WHAT THE EXERCISE ASKS: Write the data out again exactly, with no pictures.
[[ DATA BELOW open ]]
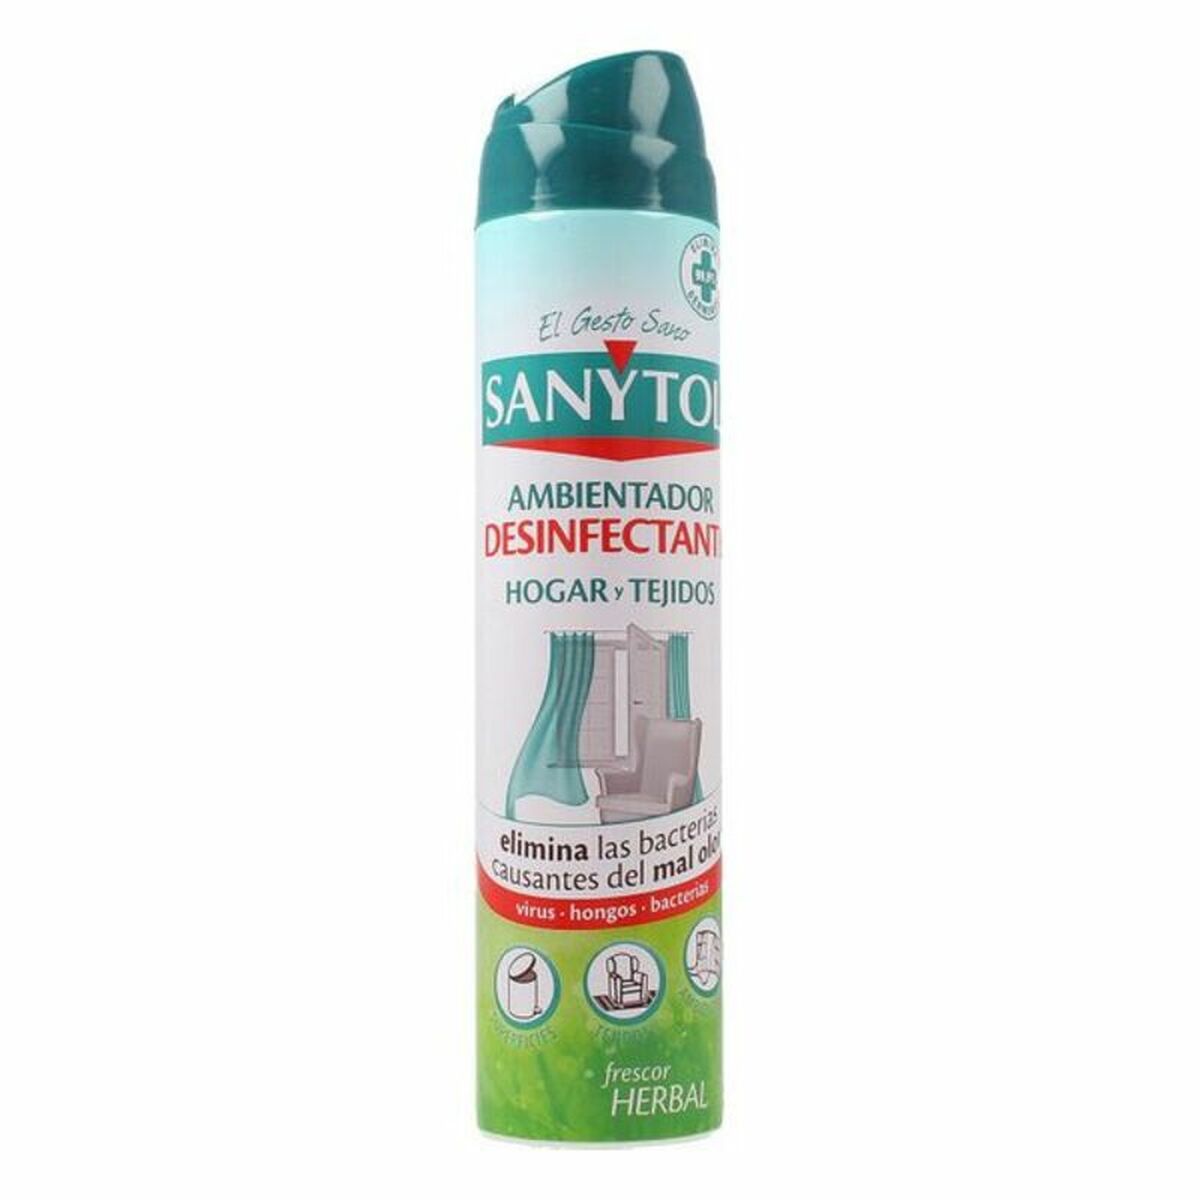 Air Freshener Spray Sanytol In Pakistan
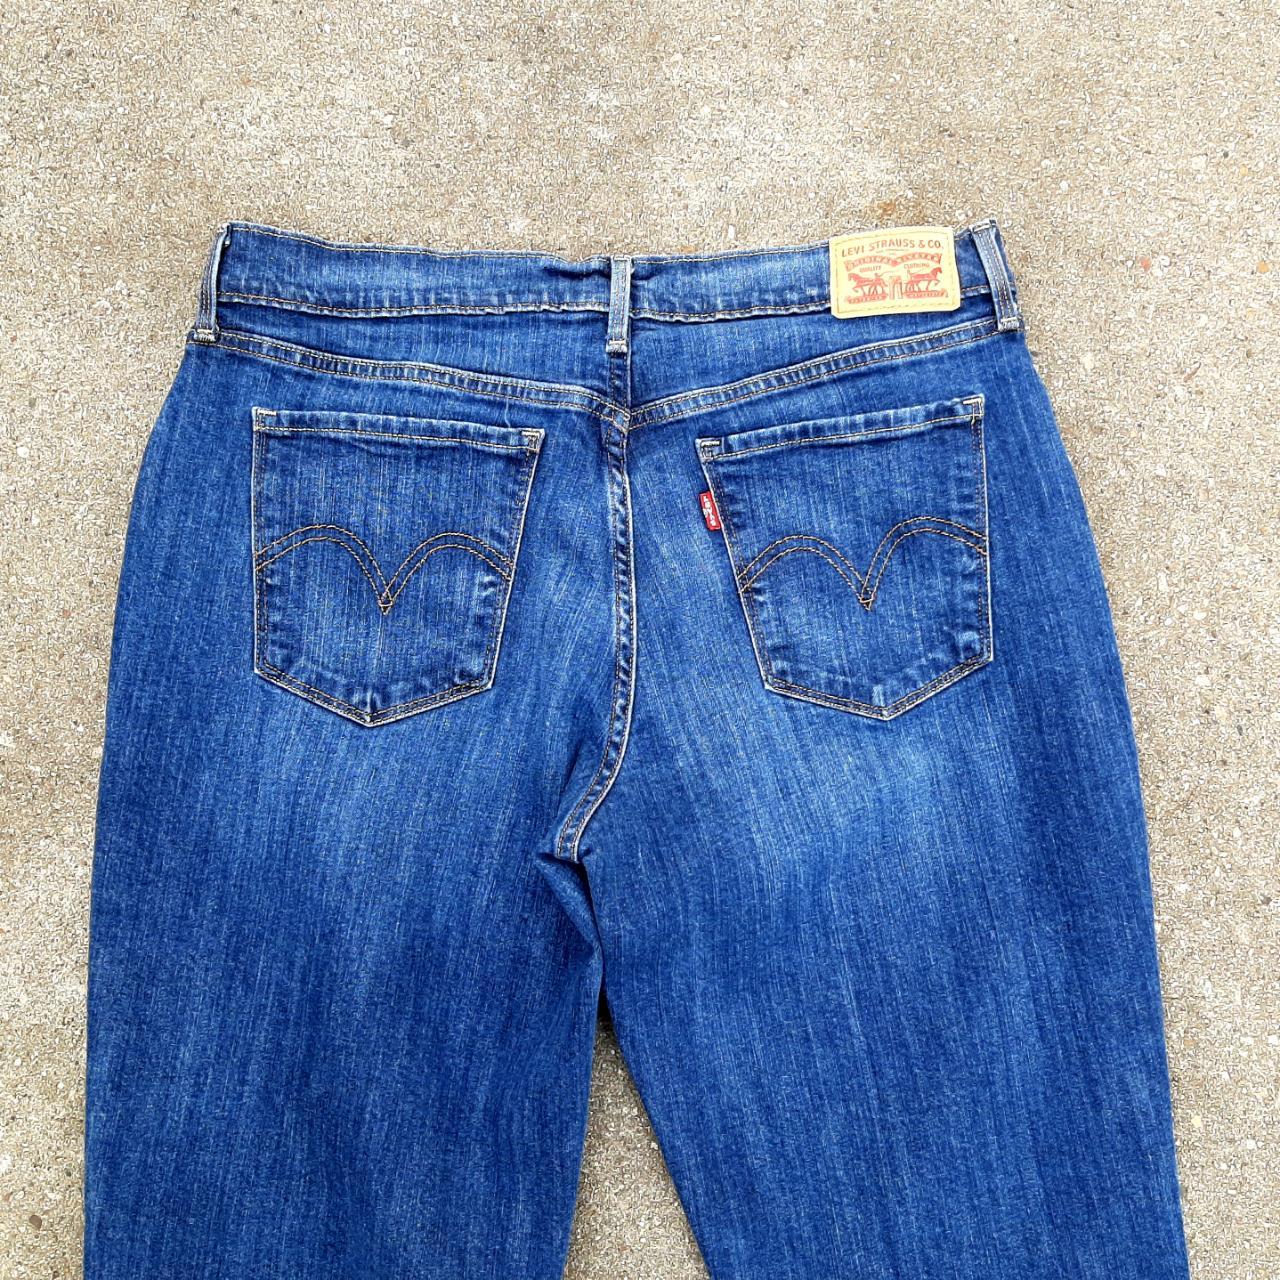 Beautiful Pair of Vintage Levi's Jeans! Style is... - Depop
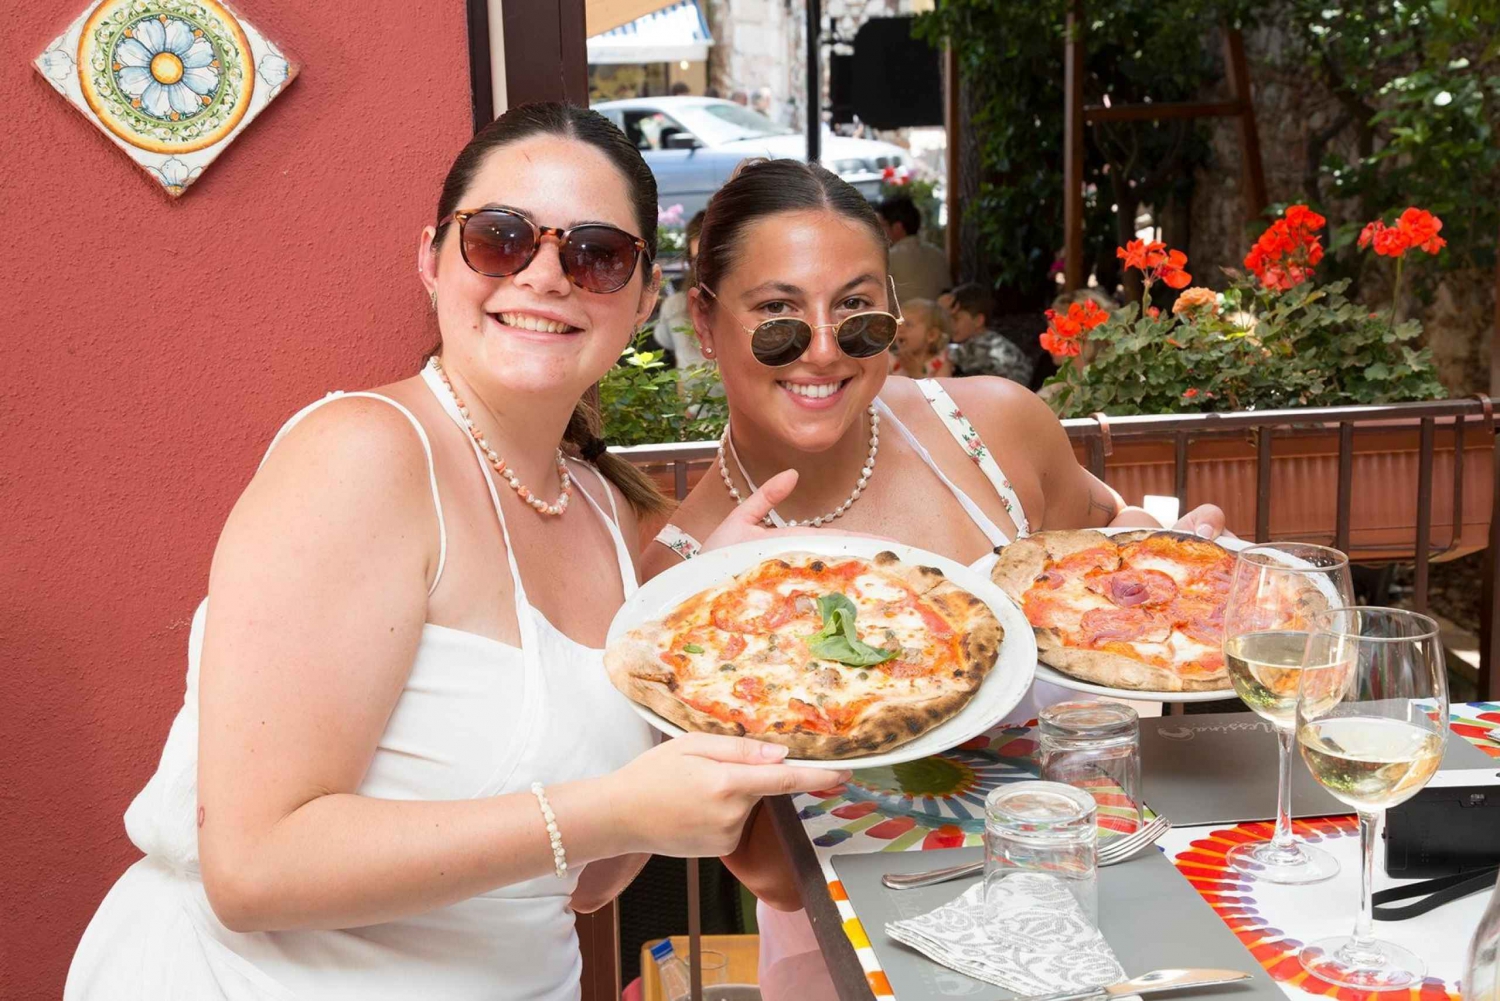 Taormina : Cours de fabrication de pizzas
[[ DATA BELOW closed ]]
SOLVED PROBLEM:
 Air Freshener Spray Sanytol In Pakistan
 Beautiful Pair of Vintage Levi's Jeans! Style is... - Depop
 Taormina : Cours de fabrication de pizzas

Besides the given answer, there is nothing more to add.